Гектор кивнул, лицо его потемнело.

Одиссей продолжал:

— Люди, которые были там, когда она бросилась со своими детьми с высоты Радости царя, говорят о ней как о писаной красавице. По всем нашим лагерям идут разговоры о прекрасной Елене и о ее доблестной смерти.

— К чему ты клонишь, морской дядюшка?

— Только к тому, что их слова не фальшивы. Воины не могут говорить о женщинах, используя слова, которых не понимают; они не восхищаются добротой, скромностью или бескорыстием. Но они восхищаются самопожертвованием Елены, поэтому говорят, что она была красавицей, как будто среди нас ходила богиня. И это правда. Ты несешь огромную ношу, Гектор. Мы говорили об этом раньше, и ты не открыл мне, какую именно. Но если ты не открываешь что-либо о себе, это не делает тебя лжецом. Ты показываешь, каков ты есть на самом деле, каждым своим поступком.

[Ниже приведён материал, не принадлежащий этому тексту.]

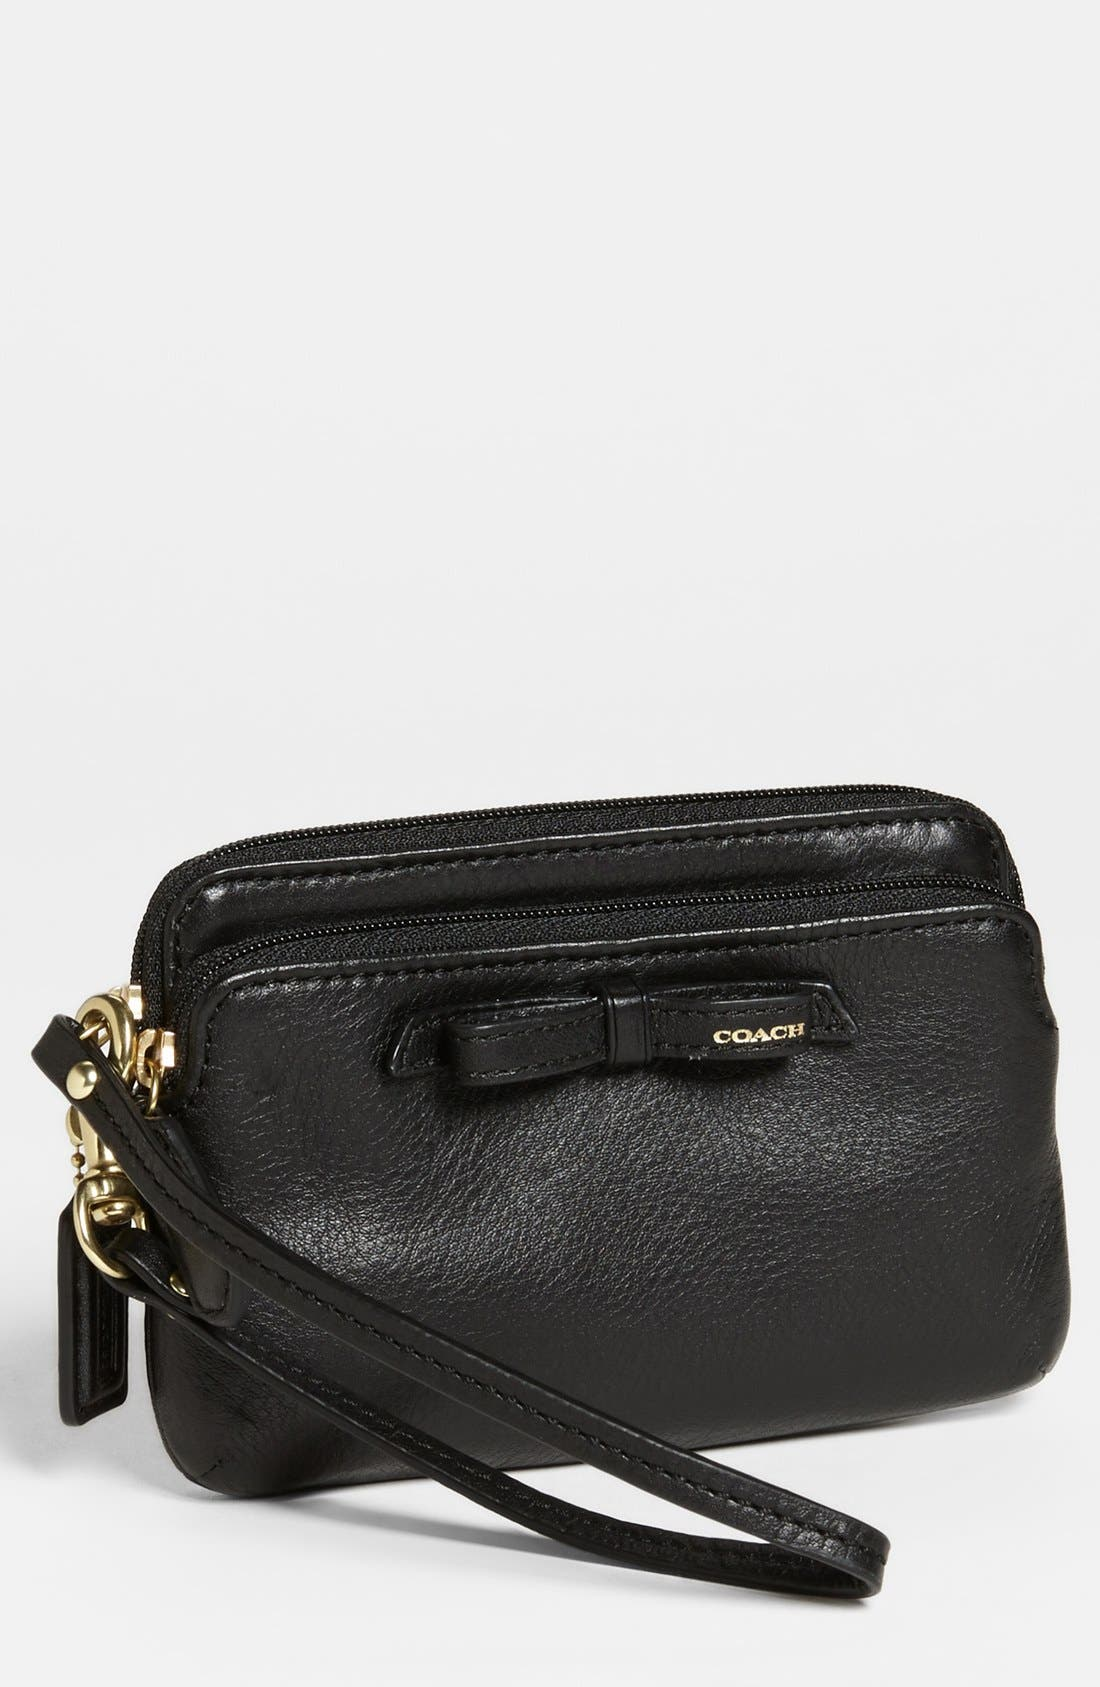 Alternate Image 1 Selected - COACH 'Poppy' Leather Wristlet

Гектор молчал, и Одиссей подумал, не страдает ли он из-за любви Андромахи и Геликаона. Однако молодой человек, казалось, страдал от внутренней боли, скорее обвиняя в чем-то себя, а не проклиная других.

Царь мысленно пожал плечами. Если Гектор решил не делиться своими печалями, Одиссей ничего не мог с этим поделать.

— Ты однажды крепко побил Ахилла, на твоих Свадебных Играх, в кулачном бою, перед тысячами людей, — сказал Одиссей, вернувшись к своей миссии. — А теперь это будет сражение на мечах, до смерти. Ахилл ищет мести. Два дня тому назад ты убил его щитоносца Патрокла.

Гектор кивнул.

— Знаю. Я его узнал. Он был умелым воином.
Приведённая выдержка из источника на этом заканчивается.